Shockingly Boring sre Practices That Save 40% Toil

sre

Shockingly Boring sre Practices That Save 40% Toil
Practical routines, scripts, and guardrails we use to keep systems calm.

Make SLOs Real With Budgets And Gates

SLOs are only helpful if they change our behavior. We treat them like contracts—clear, human-readable promises customers can feel. We define a small set of SLIs (latency, availability, correctness) and attach an error budget that funds our risk-taking. When the budget’s healthy, we ship faster. When it’s burning too fast, we slow down and fix production. The trick is to wire that contract into the toolchain so it’s not optional. We set alerts on burn rates, show the budget status on PRs, and block risky deploys automatically if the budget’s red. Rather than argue about “feelings,” we point to the numbers and decide. If you want the theory and examples, Google’s write-up on Service Level Objectives is the most practical starting point we’ve found.

We’ve had luck standardizing SLO definitions as code. Sloth lets us keep SLOs versioned next to the service:

# sloth SLO: 99.9% success rate over 30d with burn alerts
service: payments-api
slos:
  - slo:
      name: availability
      objective: "99.9"
      window: 30d
      labels: { team: payments }
      sli:
        events:
          error_query: sum(rate(http_requests_total{service="payments",code!~"2.."}[5m]))
          total_query: sum(rate(http_requests_total{service="payments"}[5m]))
      alerting:
        name: availability-burn
        labels: { severity: page }
        annotations: { runbook: https://runbooks/payments/availability }

We then wire a CI job that reads the generated Prometheus rules and enforces a deploy gate: if the 2-hour burn rate predicts budget exhaustion inside the window, we block merging. Sounds harsh, but it’s actually relaxing; instead of arguing release timing, we ask a calmer question: what fixes buy back budget? That turns debates into backlog items we can close.

Incidents Without Panic: Roles, Radios, And Runbooks

We don’t “rise to the occasion”; we fall to our training. Incidents get calmer when the choreography isn’t reinvented under stress. We use lightweight Incident Command: one Incident Commander (IC) who isn’t typing fixes, a single comms channel, and clear owner handoffs. We keep a short bench of ICs on rotation, with a cheat sheet for their first five minutes. During the event, we fight for clarity: timestamped updates, hypotheses separated from facts, and explicit “hold” on risky changes until the IC buys in. The secret ingredient is scripts we can paste without thinking.
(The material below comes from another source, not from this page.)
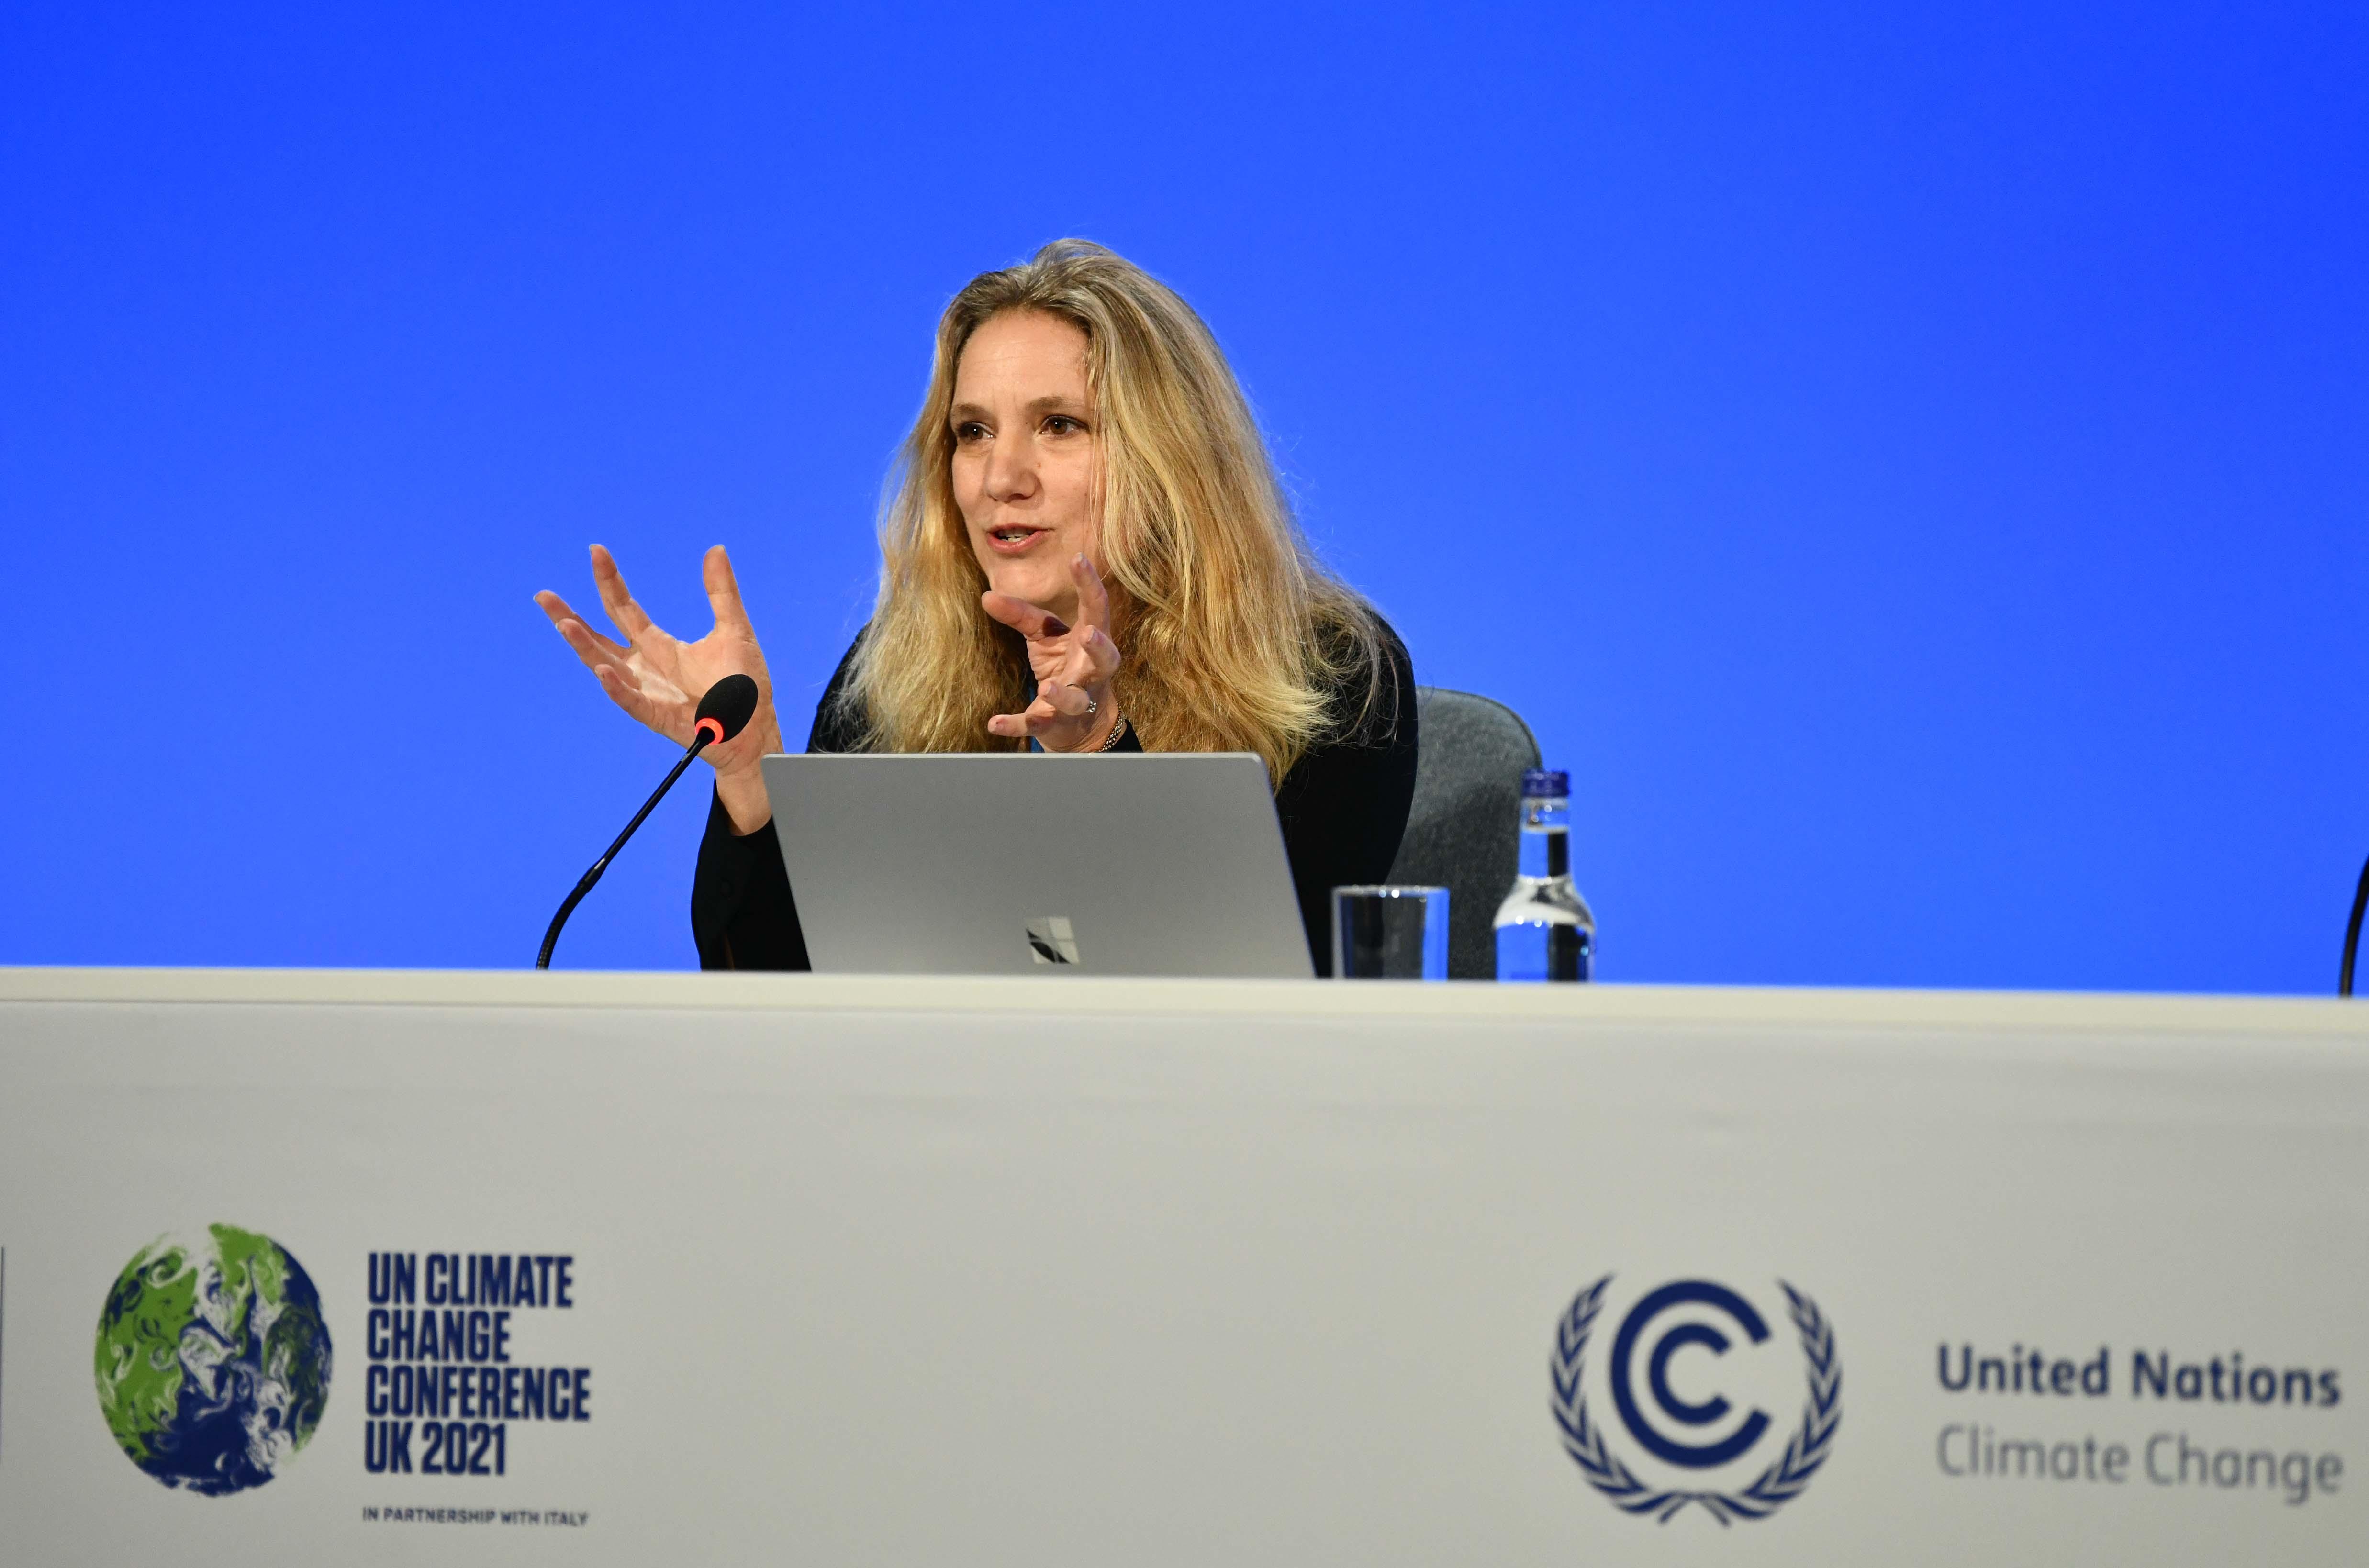 Professor Emily Shuckburgh sits behind her laptop and gestures while speaking on a panel at COP26. The background is white and the table she is sat at is adorned with UN COP26 logos.

Our incident channel starts with a pinned template:

Incident: payments-api latency spike
Start: 2025-05-14T09:32Z | IC: @oncall
Impact: 40% of checkout requests > 2s (SLO at risk)
Hypothesis: DB connection pool exhaustion after deploy 1.42.0
Actions:
- [ ] Enable feature flag rollback to 1.41.x (owner: @dev1)
- [ ] Increase pool from 50->100 temporarily (owner: @sre2) - get IC approval
Comms:
- External status: yellow (owner: @comms)
- Executive update every 15m
Next Update: 09:47Z

We also prewrite “radios checks”—quick pings to confirm who’s listening before we fling changes. Paging policies, escalation paths, and post-incident steps live in one place, and we actually rehearse them. If you’re building your first playbook, the PagerDuty Incident Response guide is a solid field-tested reference. Keep it small, put it where your team already works, and trim it after each incident. We’re aiming for boring, predictable, and repeatable—like buckling your seatbelt, just with fewer beeps.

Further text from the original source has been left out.